*** Data in this exercise ***
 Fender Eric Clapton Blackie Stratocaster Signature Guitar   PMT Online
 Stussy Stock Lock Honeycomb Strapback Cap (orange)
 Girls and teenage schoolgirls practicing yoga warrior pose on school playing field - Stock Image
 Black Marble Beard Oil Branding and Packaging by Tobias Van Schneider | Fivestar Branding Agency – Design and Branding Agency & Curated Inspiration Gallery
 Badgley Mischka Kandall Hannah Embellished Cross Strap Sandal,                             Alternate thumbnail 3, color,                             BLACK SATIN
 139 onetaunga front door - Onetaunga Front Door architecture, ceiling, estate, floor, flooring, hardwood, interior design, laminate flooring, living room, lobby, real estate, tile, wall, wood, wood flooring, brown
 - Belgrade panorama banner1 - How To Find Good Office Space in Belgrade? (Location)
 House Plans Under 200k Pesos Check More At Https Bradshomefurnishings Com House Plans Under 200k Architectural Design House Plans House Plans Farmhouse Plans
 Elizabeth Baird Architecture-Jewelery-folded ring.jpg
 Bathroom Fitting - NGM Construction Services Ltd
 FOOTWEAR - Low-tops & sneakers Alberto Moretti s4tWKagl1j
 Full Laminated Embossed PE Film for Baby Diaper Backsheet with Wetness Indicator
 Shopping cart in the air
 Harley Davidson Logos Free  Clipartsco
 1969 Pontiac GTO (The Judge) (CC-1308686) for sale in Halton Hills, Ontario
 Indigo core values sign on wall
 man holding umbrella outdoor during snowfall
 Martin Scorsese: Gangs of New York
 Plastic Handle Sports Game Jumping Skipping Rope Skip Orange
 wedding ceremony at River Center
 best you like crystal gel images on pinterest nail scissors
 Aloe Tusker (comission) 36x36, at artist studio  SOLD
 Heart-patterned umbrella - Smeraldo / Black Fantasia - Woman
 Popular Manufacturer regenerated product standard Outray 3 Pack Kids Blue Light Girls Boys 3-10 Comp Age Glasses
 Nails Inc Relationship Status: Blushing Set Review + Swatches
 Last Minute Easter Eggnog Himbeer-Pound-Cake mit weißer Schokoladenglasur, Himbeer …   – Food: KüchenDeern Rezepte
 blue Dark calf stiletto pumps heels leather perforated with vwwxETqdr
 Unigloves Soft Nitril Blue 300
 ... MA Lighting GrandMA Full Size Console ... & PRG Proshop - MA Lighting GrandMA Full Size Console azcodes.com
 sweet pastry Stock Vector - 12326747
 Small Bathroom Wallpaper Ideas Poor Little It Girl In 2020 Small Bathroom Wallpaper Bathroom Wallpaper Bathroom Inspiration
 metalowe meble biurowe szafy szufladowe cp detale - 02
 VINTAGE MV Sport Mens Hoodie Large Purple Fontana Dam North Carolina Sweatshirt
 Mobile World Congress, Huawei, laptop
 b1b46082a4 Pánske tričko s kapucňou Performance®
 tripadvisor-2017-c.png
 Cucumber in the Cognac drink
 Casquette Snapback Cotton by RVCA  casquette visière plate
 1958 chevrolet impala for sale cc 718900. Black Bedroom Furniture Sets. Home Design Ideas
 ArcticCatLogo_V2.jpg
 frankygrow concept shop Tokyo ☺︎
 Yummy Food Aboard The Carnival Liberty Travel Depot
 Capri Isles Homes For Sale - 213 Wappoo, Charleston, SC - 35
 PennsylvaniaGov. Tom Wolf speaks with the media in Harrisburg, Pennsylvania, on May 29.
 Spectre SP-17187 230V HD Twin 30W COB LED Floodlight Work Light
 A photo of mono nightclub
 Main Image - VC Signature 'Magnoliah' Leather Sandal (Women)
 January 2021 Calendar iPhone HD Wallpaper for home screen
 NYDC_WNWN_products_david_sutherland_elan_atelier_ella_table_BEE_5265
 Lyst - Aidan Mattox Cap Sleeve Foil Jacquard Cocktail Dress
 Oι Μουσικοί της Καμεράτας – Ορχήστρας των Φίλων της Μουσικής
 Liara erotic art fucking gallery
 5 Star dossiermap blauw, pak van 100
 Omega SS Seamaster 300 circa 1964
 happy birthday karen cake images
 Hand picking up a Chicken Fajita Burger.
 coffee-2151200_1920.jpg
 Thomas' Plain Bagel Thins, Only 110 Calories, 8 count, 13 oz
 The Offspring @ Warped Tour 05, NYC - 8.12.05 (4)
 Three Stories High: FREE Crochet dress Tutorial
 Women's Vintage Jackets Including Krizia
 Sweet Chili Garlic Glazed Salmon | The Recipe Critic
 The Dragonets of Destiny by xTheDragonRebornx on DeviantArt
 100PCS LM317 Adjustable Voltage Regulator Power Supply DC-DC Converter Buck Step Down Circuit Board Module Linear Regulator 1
*** End of Data in this exercise ***
— Task brief —
The lines needed are those in the data above that hold the string "Signature"; copy each of them.

— Written response —
 Fender Eric Clapton Blackie Stratocaster Signature Guitar   PMT Online
 Main Image - VC Signature 'Magnoliah' Leather Sandal (Women)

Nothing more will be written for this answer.